Дом набит непривычной тишиной, как ватой. Тишина обволакивает мысли, словно ее мозг — хрупкая елочная игрушка, надежно упакованная до следующего Рождества. В ее черепную коробку напихали мягкой удушливой ваты. Гансова таблетка мелперона, которую Лариса выпила час назад, отчаявшись уснуть, сделала вату тяжелой, набухшей влагой, — и только… Как он там? Вчера жаловался на головную боль. Покормили его или всадили в вену раствор? Наверное, лежит мокрый, пристегнутый поясом к кровати и зовет ее, он ведь не понимает, где находится… Или понимает? Дошло ли до него, что его оставили умирать? Отчего он плакал? А она, как выясняется, успела привязаться к этому беспомощному старику, абсолютно ей чужому. “А вдруг, — эта мысль заставила ее сесть на кровати, — вдруг он перехитрил персонал и сбежал?”
Светлячок электронного табло показывал четверть третьего. Не включая света, она нашарила тапки, натянула джинсы и свитер и, сама не зная, зачем, спустилась в комнату больного — вероятно, чтобы сделать там уборку. Но убирать, собственно, было нечего: зеркало стояло на своем месте, кровать была аккуратно застелена ею еще вчера. И она принялась стаскивать с подушки наволочку, снимать простыню, чтобы сегодня же все перестирать, резким движением сдвинула матрас... На пол упала тетрадка в кожаном переплете. Она открыла обложку с золотым готическим тиснением и начала читать, с трудом разбирая почерк.
“12 декабря 2003 года.
Сегодня так и не смог вспомнить, как зовут продавщицу из мясной лавки, а я ведь уже много лет здесь постоянный клиент.
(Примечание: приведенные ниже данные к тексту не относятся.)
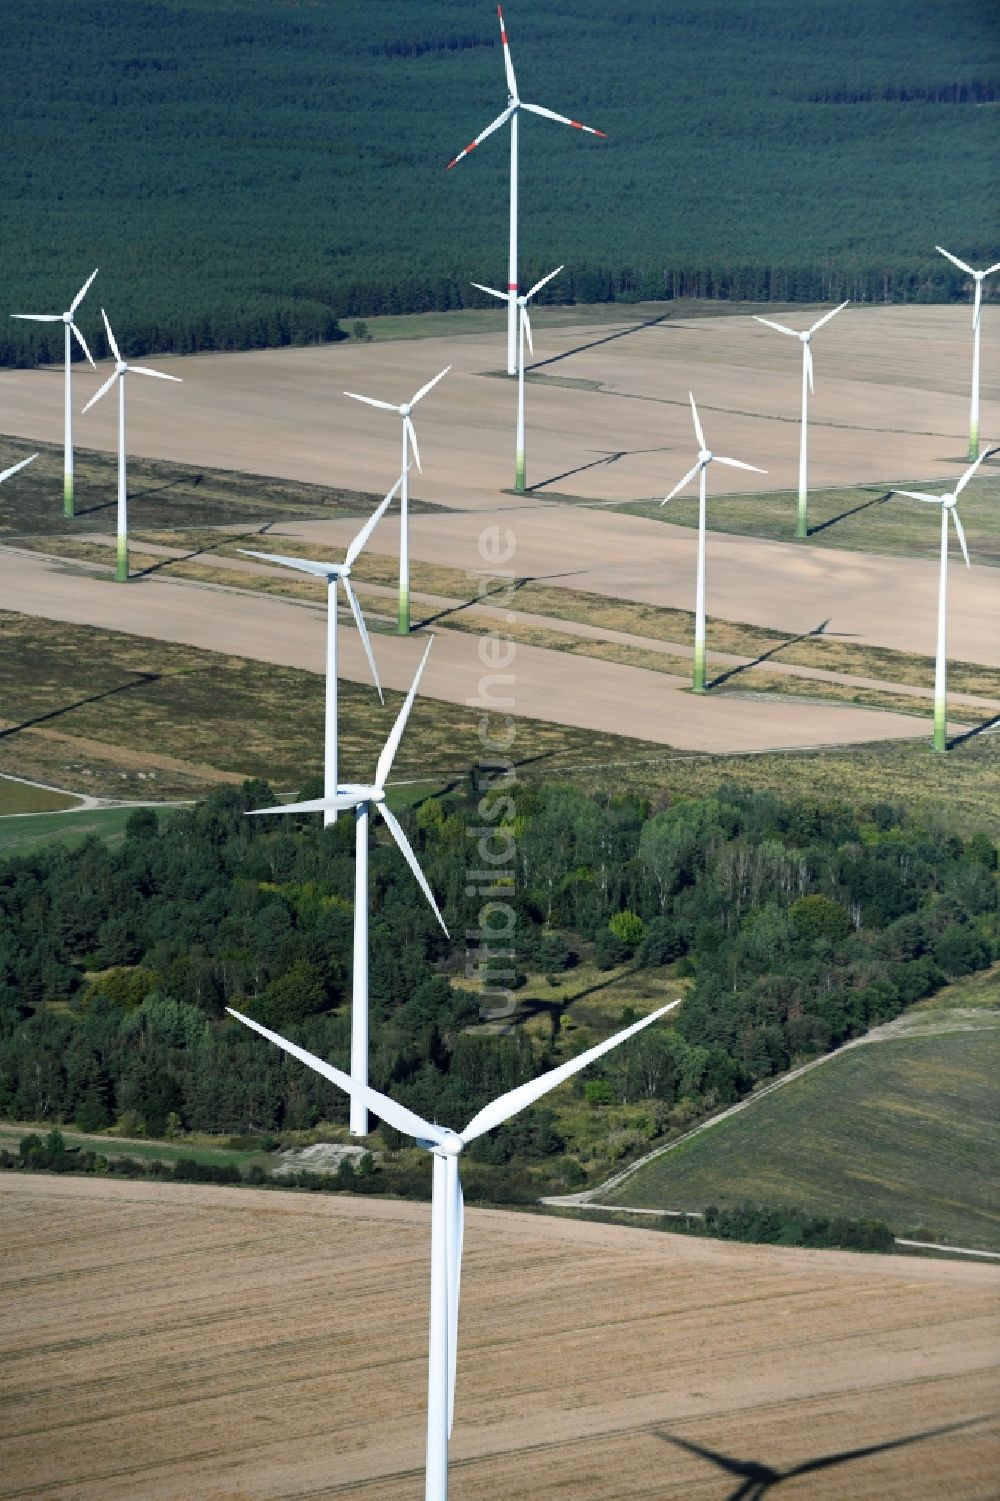 Danna von oben - Windenergieanlagen (WEA) - Windrad- auf einem Feld in Danna im Bundesland Brandenburg, Deutschland

Зато пережитое когда-то в той стране между Польшей и Россией все чаще приходит в снах и видится так ярко, как будто случилось вчера. Вот и хочу все записать, пока моя память окончательно не предала меня.
Мне было 17 лет, когда я получил повестку явиться в военную комендатуру со всеми документами для прохождения службы по защите Рейха от врагов. Да, в сорок четвертом уже начали призывать семнадцатилетних. Мой одноклассник Эрхард получил такую же повестку двумя месяцами раньше. Он не пошел в комендатуру, и был задержан сотрудниками службы Имперской безопасности. Его обвинили в измене Рейху. Больше Эрхарда никто не видел. Исчезли также его родители. Я очень любил свою маму, поэтому пошел в комендатуру.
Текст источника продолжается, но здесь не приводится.